Nelson of Nebraska’s case is different. He has called a public option to lower insurance industry costs a “deal breaker.” Why would he say that?

His campaign contributors are large insurance companies who count on him because…he is a former CEO of an insurance company as well as an advocate for the health insurance business in the health care reform debate. He has been endorsed by the National Federation of Independent Business (a small business services and health insurance provider) by the Chamber of Commerce and by AHIP, America’s Health Insurance Plans.

Any questions? He’s in bed with the insurance companies with the covers up to his eyeballs. He’s out to screw the people of Nebraska. Especially small and medium-sized farmers and independent small businesses, who, with this bill, will finally emerge from under nerve-wracking and sharp edge of fate that has been hanging over them for years.

Senator Ben Nelson has received over $2 million dollars from health insurance and other health related industries in campaign contributions.

Senator Joe Lieberman is well known for his views, also funded by the insurance companies despite the fact that the people of Connecticut are staunchly behind the President and seriously want substantial health care reform with a strong public option.

He has received over $5 million from the sector that includes insurance as a big component and he has received another $925 thousand from the health industry. So Joe is heavily into the health and health insurance people and they want him to fight for them against the people. Thus far, he has not. But he says that he will not support a public option, calling it a government takeover of health delivery services. Of course, the tip off as to his real attitude is that he knows perfectly well that a public option is not a “government takeover.” So there you have that. He is on the take from the health industry.

Mary Landrieu is just a political coward and a typical Louisiana politician. She will hold up anyone or anything—insurance company—convenience store—anyone who has some cash in the till who can help her get reelected. She is in an area that is very vulnerable to the messages of the nutcases on television, like Rush Limbaugh and Glenn Beck, guys who will lie and promote racism one after the other as hard and fast as they can.

On the real dollar side of the equation, Landrieu has been criticized by Liberal groups for accepting $1.6 million from health and insurance groups.
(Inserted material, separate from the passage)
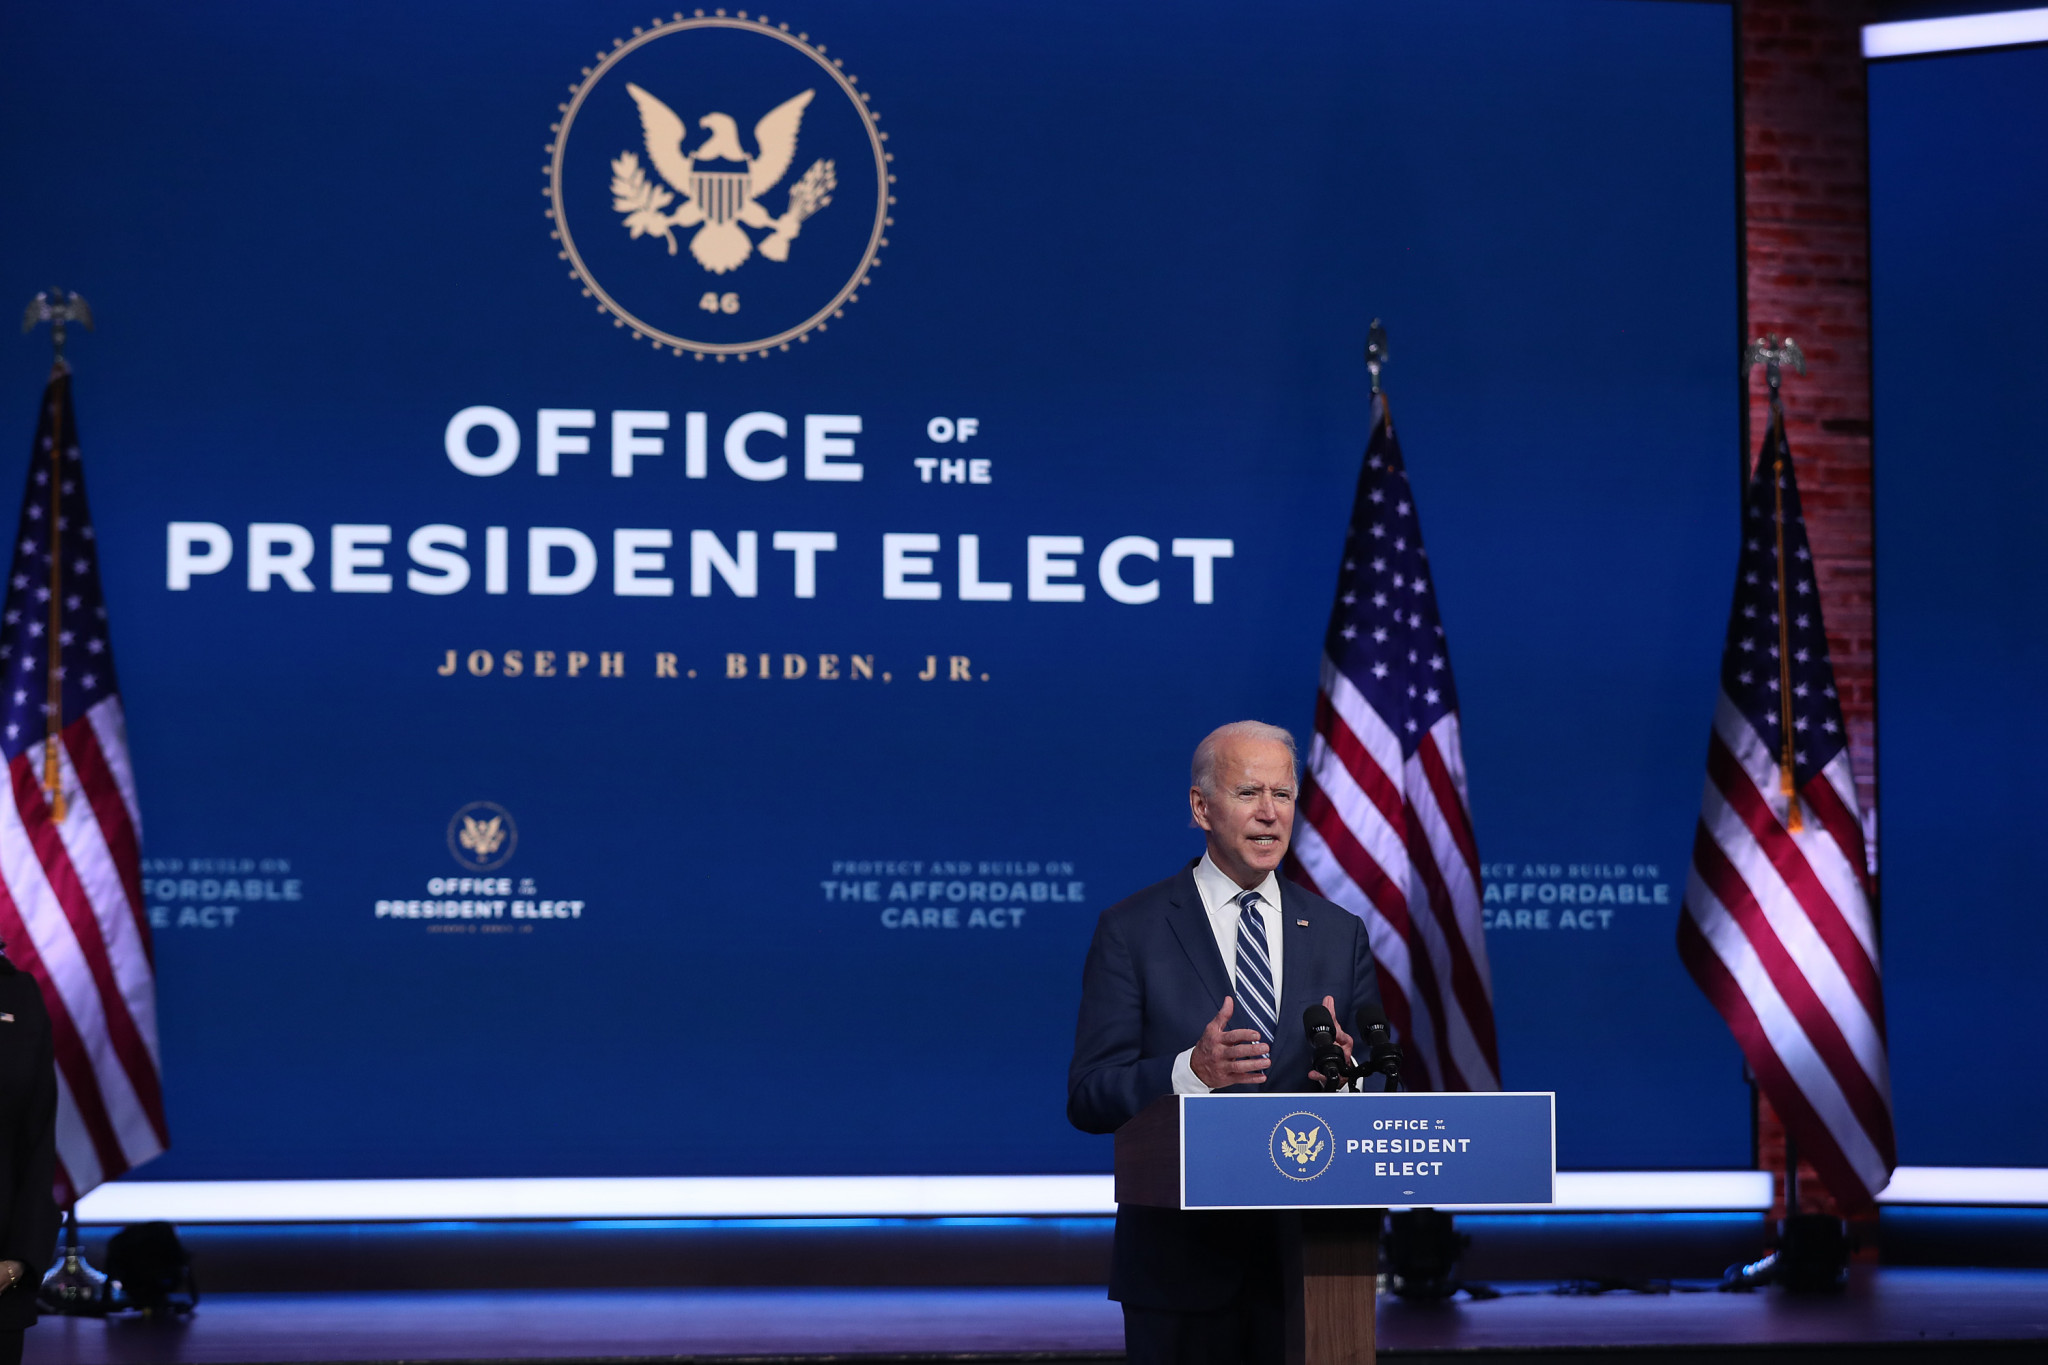 The International Olympic Committee may be breathing a sigh of relief at the news that Joe Biden is the new President elect of the United States ©Getty Images

If she does not vote to end debate on the Reid health care bill, there will be more than enough critics who will say that she is in the pocket of the health insurance industry, which is also mounting huge campaigns in Louisiana, a very vulnerable area for health care reform.

So there we are. Vital votes from people who are all deeply involved with the health insurance industry. The People need their votes. They need to know how important it is to the People that we all have their votes, and not merely the health insurance industry.